Additional questions regarding weather were posed. Mike Norm and Kathy all shared the various methods used to check conditions included ocean buoys to check waves and wind, weather balloons, on-shore weather stations and weather satellites. The ships and aircraft were ready and departures were underway depending on their travel speed to arrive on station in time for Wednesday’s launch schedule. If there was a delay they were prepared for the ocean vessels to remain on station and aircraft had back-up schedules to return as needed.

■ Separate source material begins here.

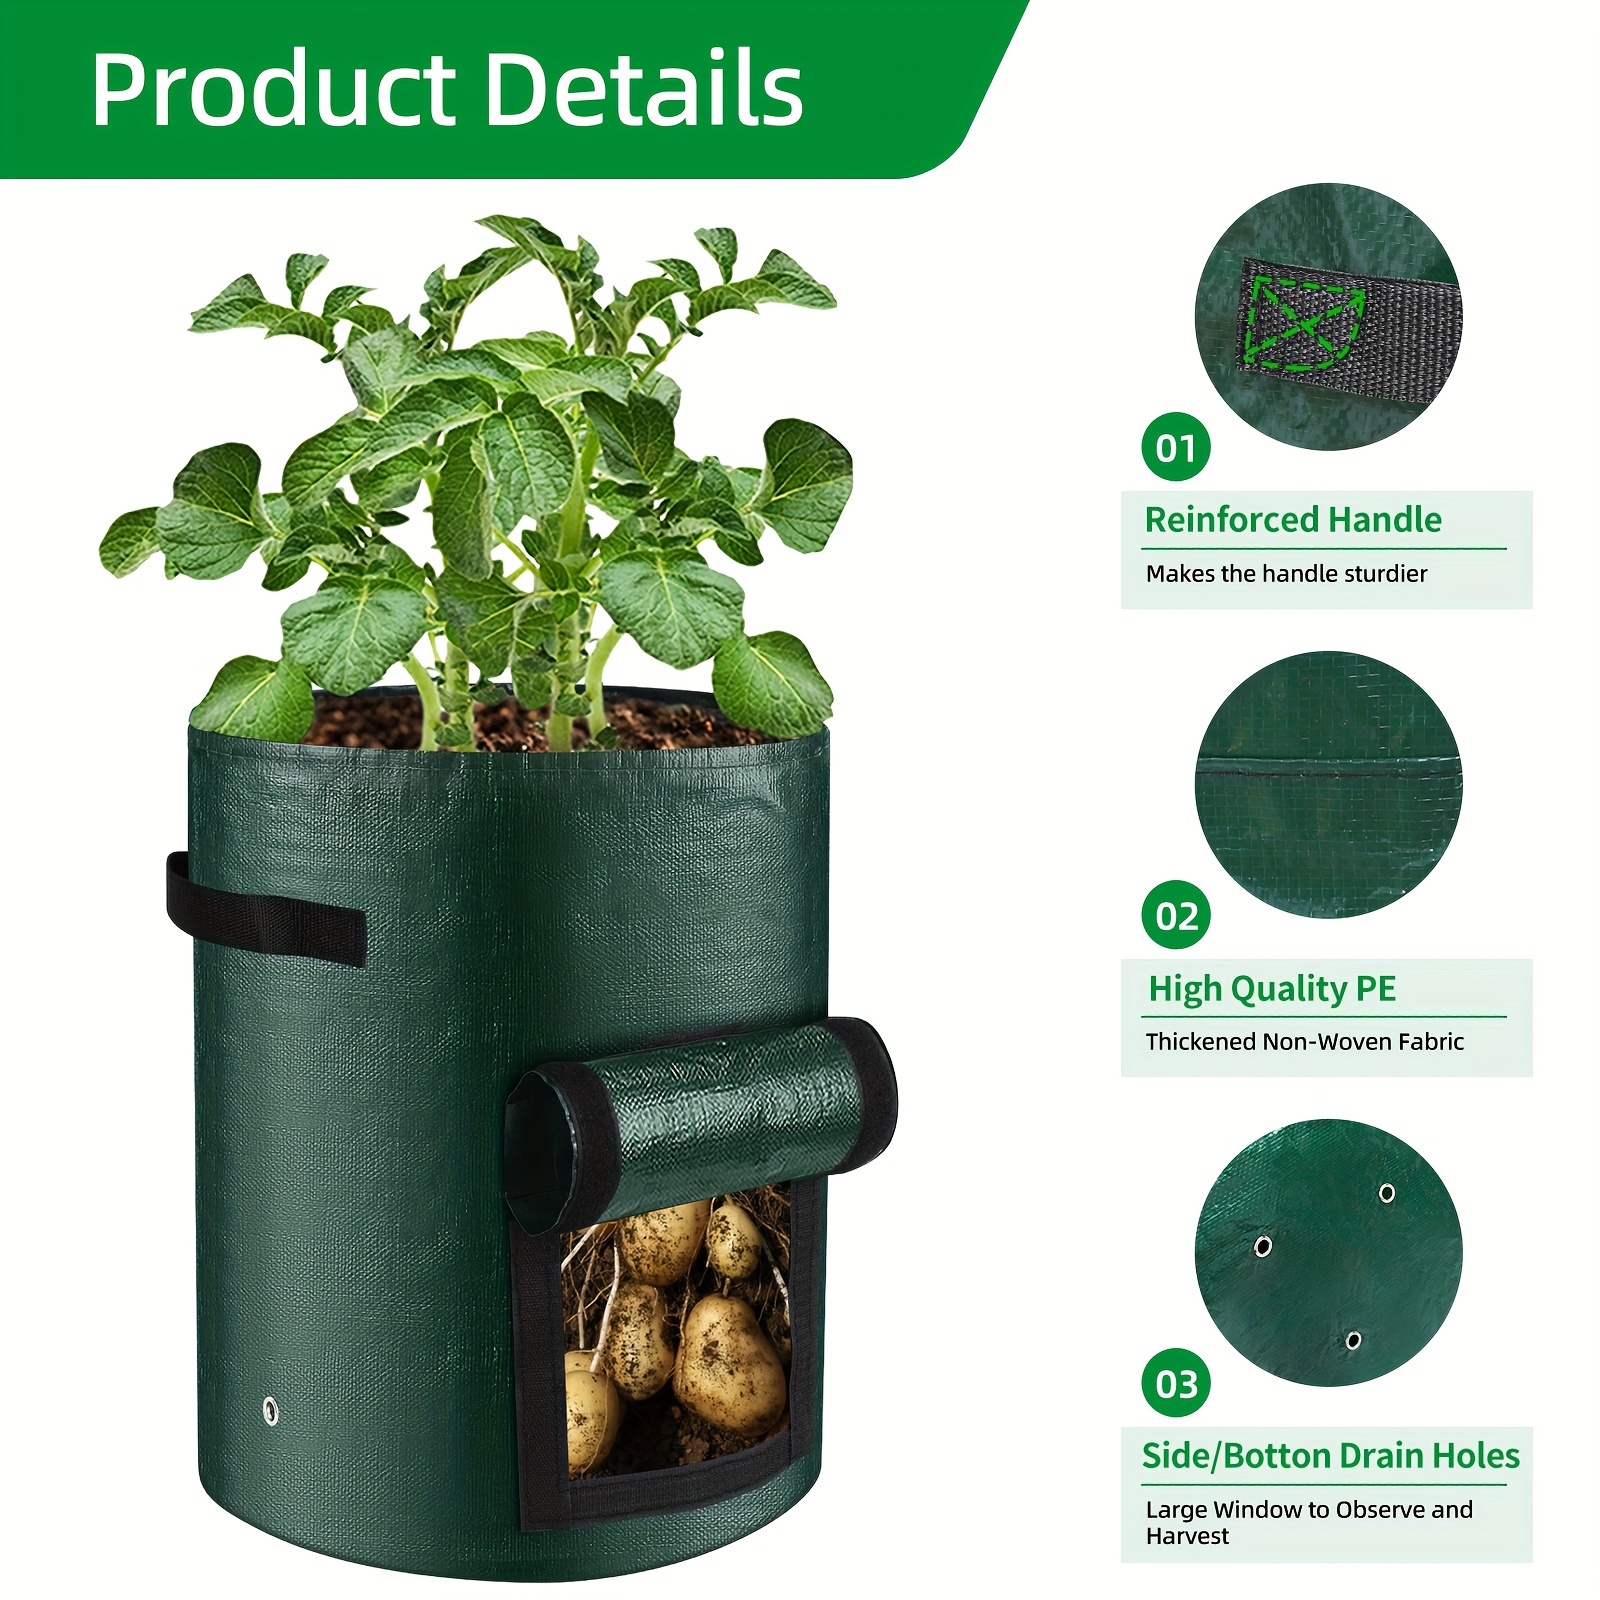 Homyhoo Potato Grow Bags with Flap 10 Gallon, 4 Pack Planter Pot

One reporter asked about the black clean room suits. The following discussion included the few extra precautions that had been undertaken because of the COVID virus, but normal quarantine procedures were in place to protect Space Station occupants from getting sick when new crew members arrived. Although family had been included in the extended quarantine, the astronauts had been in quarantine for 3 weeks as of Monday.

One of the final questions was “What will the astronauts have for breakfast on Wednesday?” The answer was “I don’t know, but it will be good because our food service team is very good.”